• [Dataset excerpt]
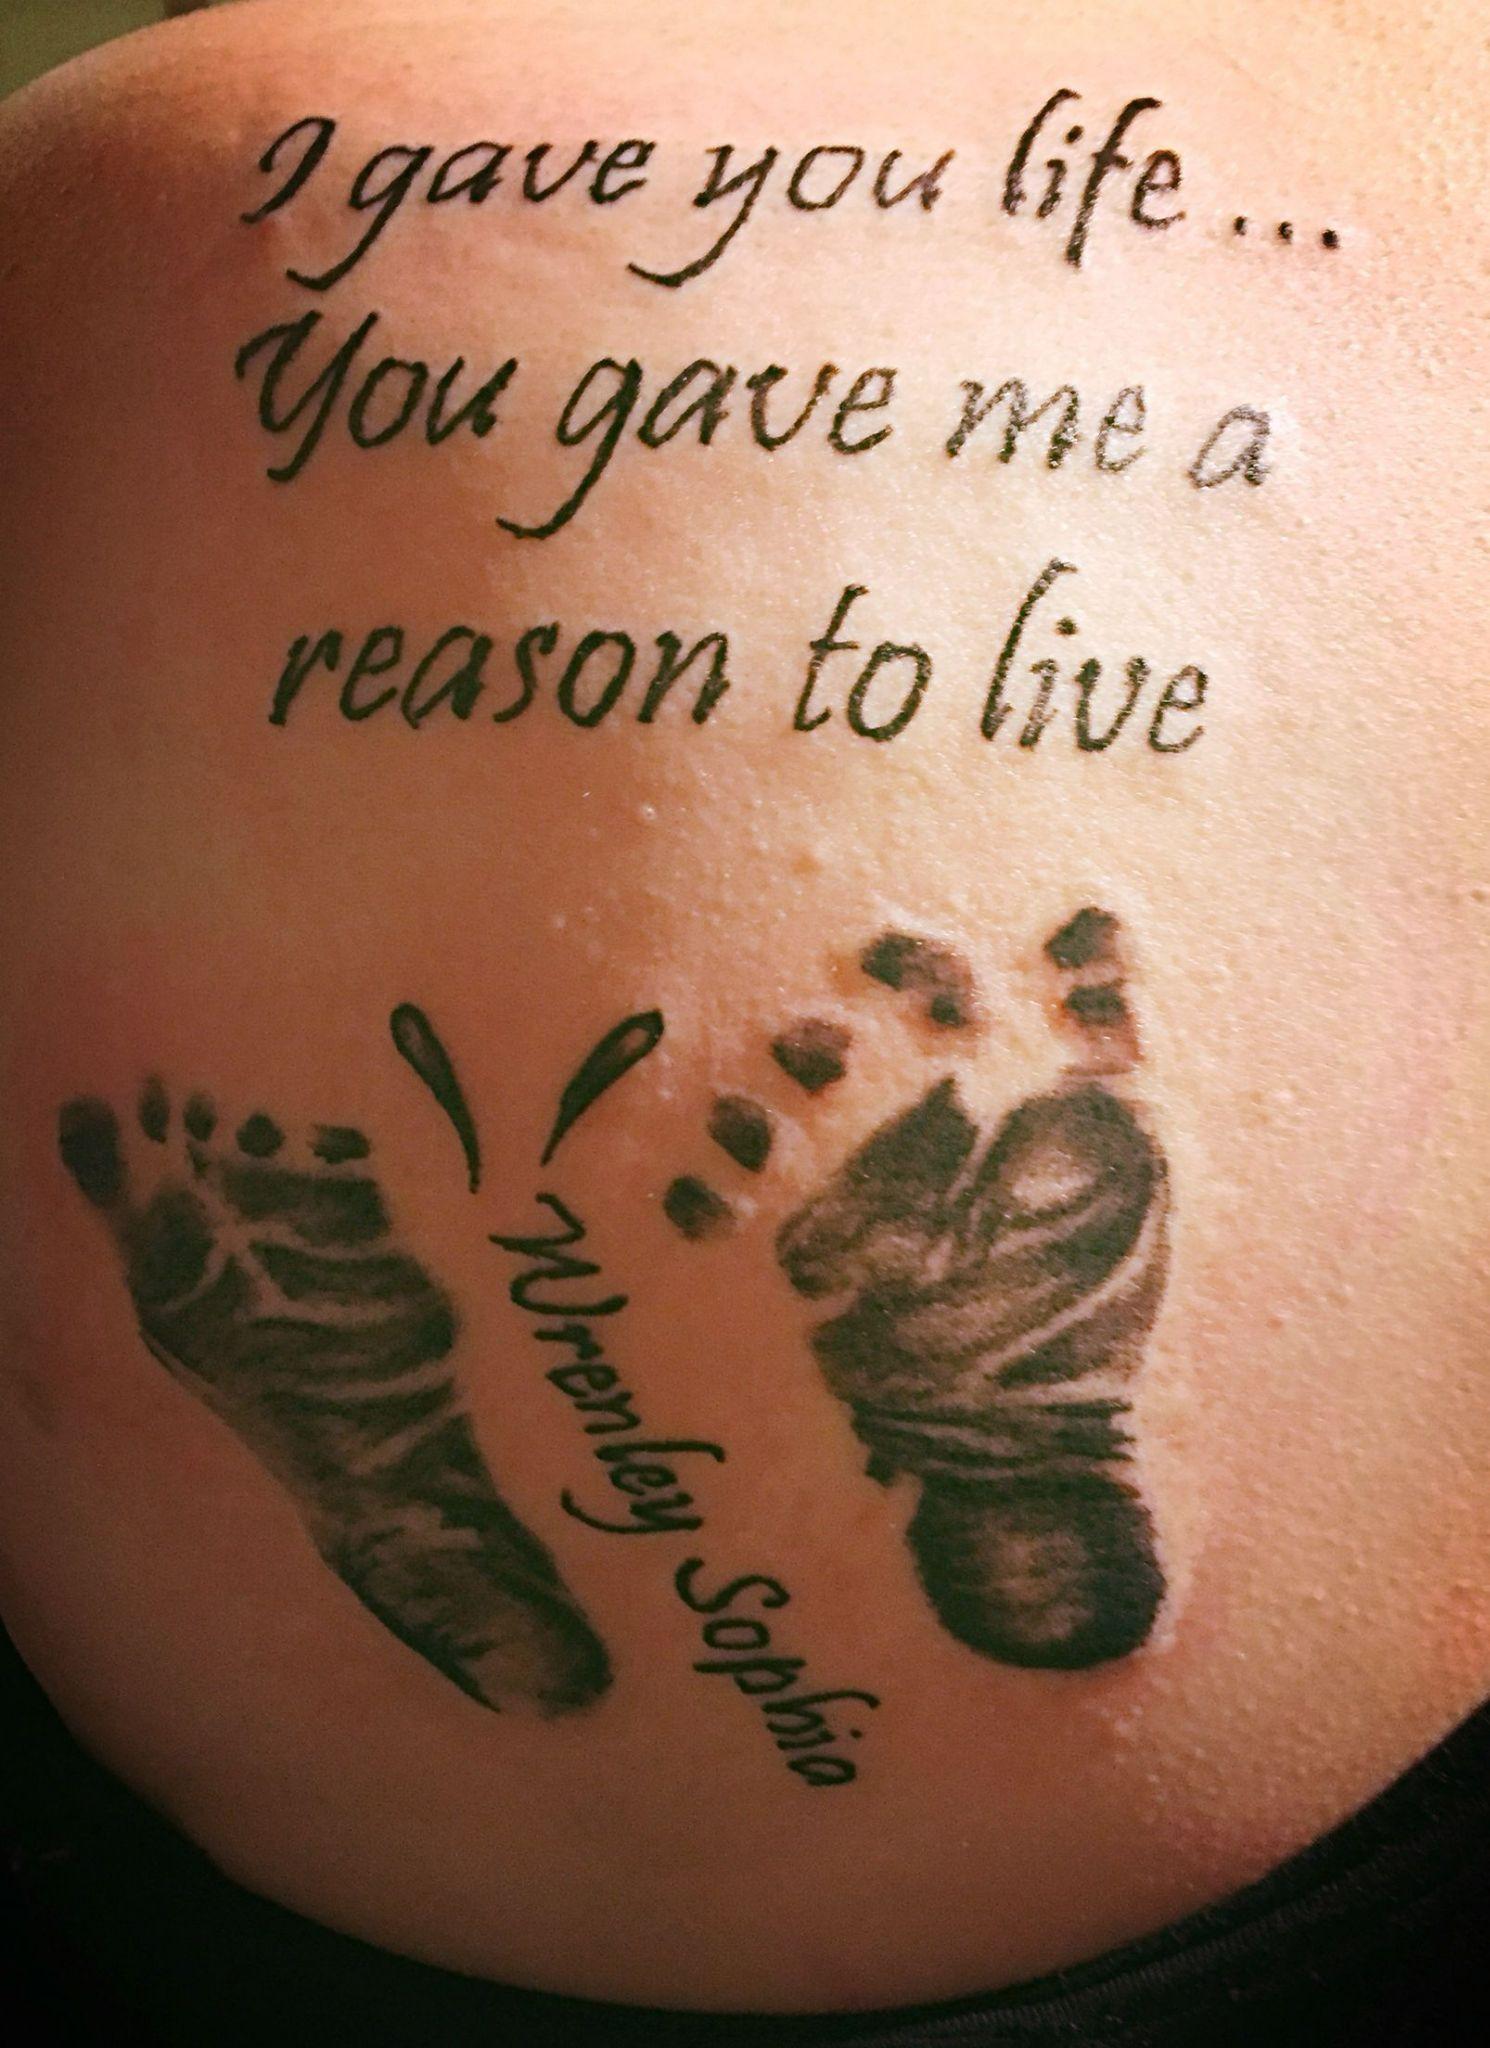 Quote tattoo- Baby Footprint Tattoo - Baby Journey
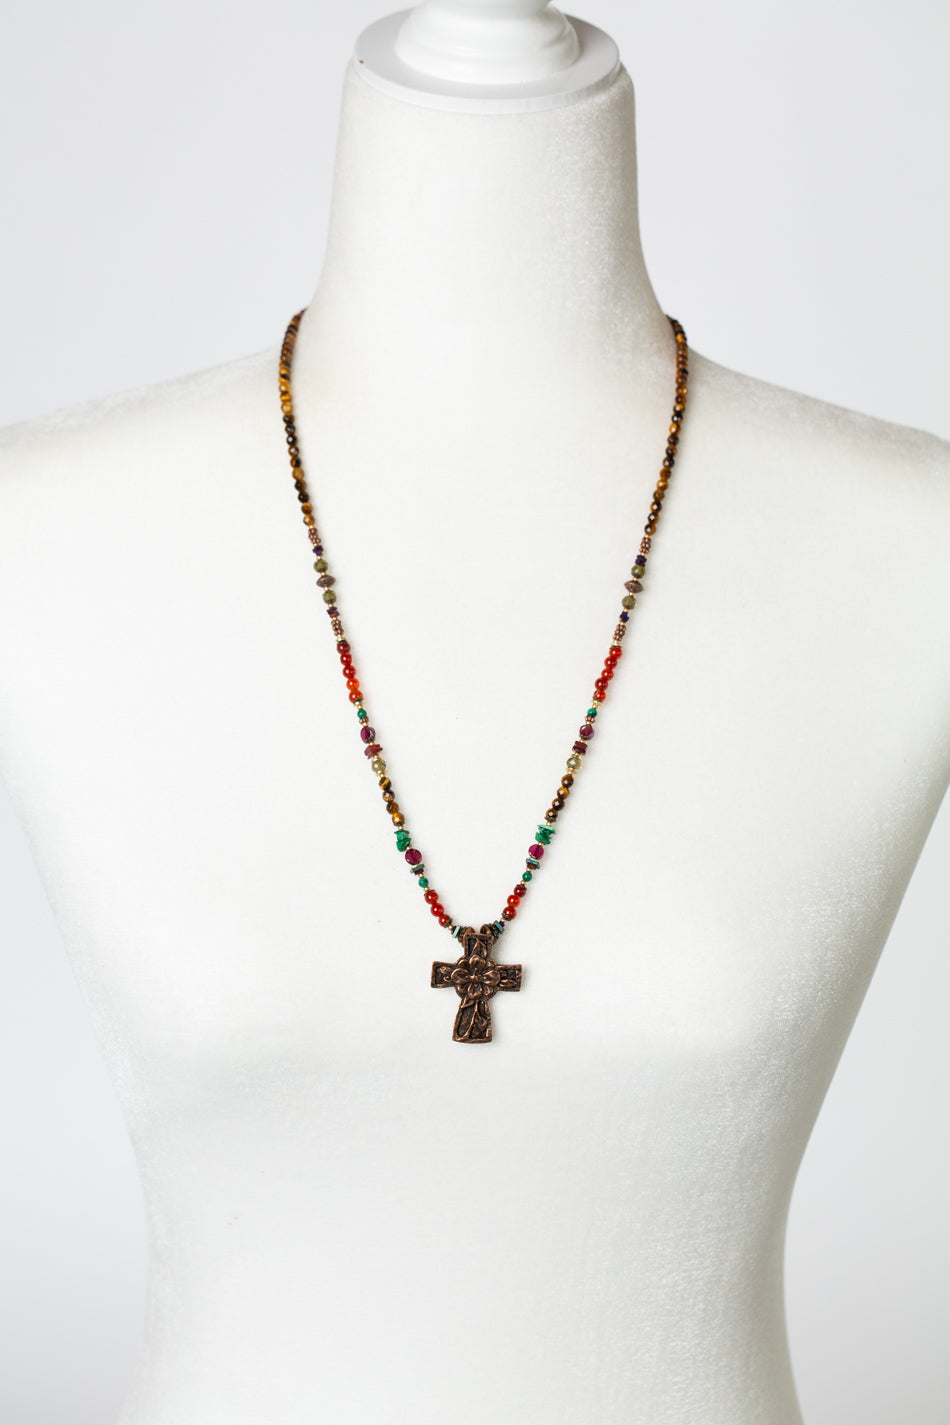 Limited Edition Adjustable Cat's Eye, Garnet With Copper Cross Statement Necklace
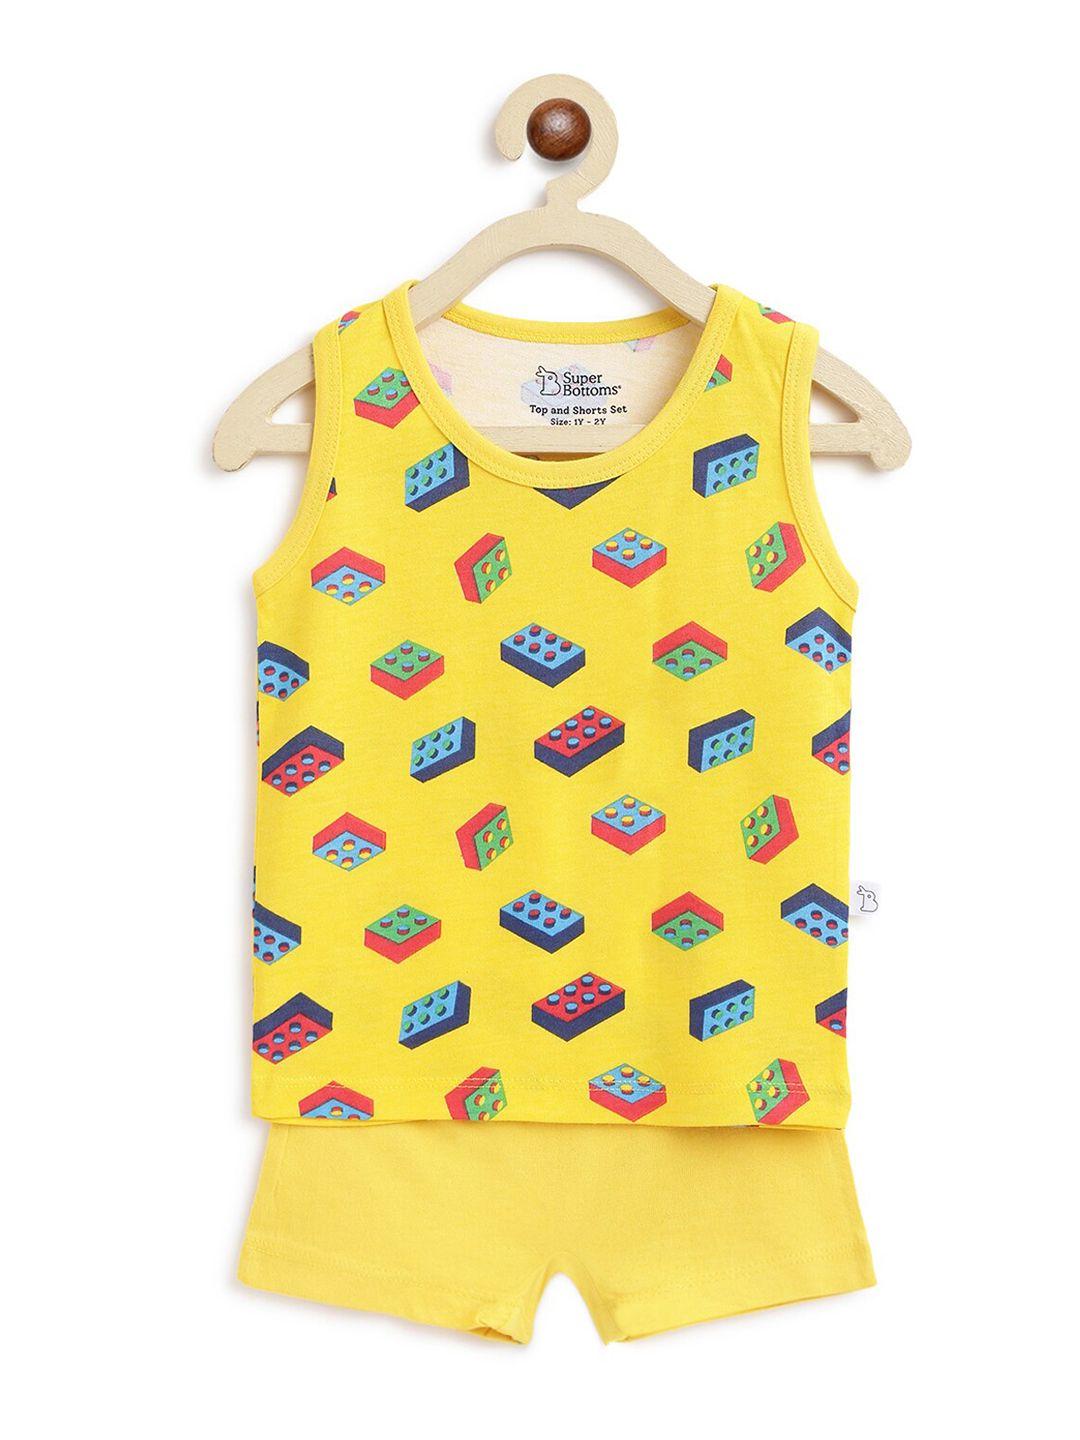 superbottoms kids yellow & green printed sustainable t-shirt with shorts

• [Work item]
Give back the whole listing exactly, without pictures.

• [Output for this exercise]
 Quote tattoo- Baby Footprint Tattoo - Baby Journey
 Limited Edition Adjustable Cat's Eye, Garnet With Copper Cross Statement Necklace
 superbottoms kids yellow & green printed sustainable t-shirt with shorts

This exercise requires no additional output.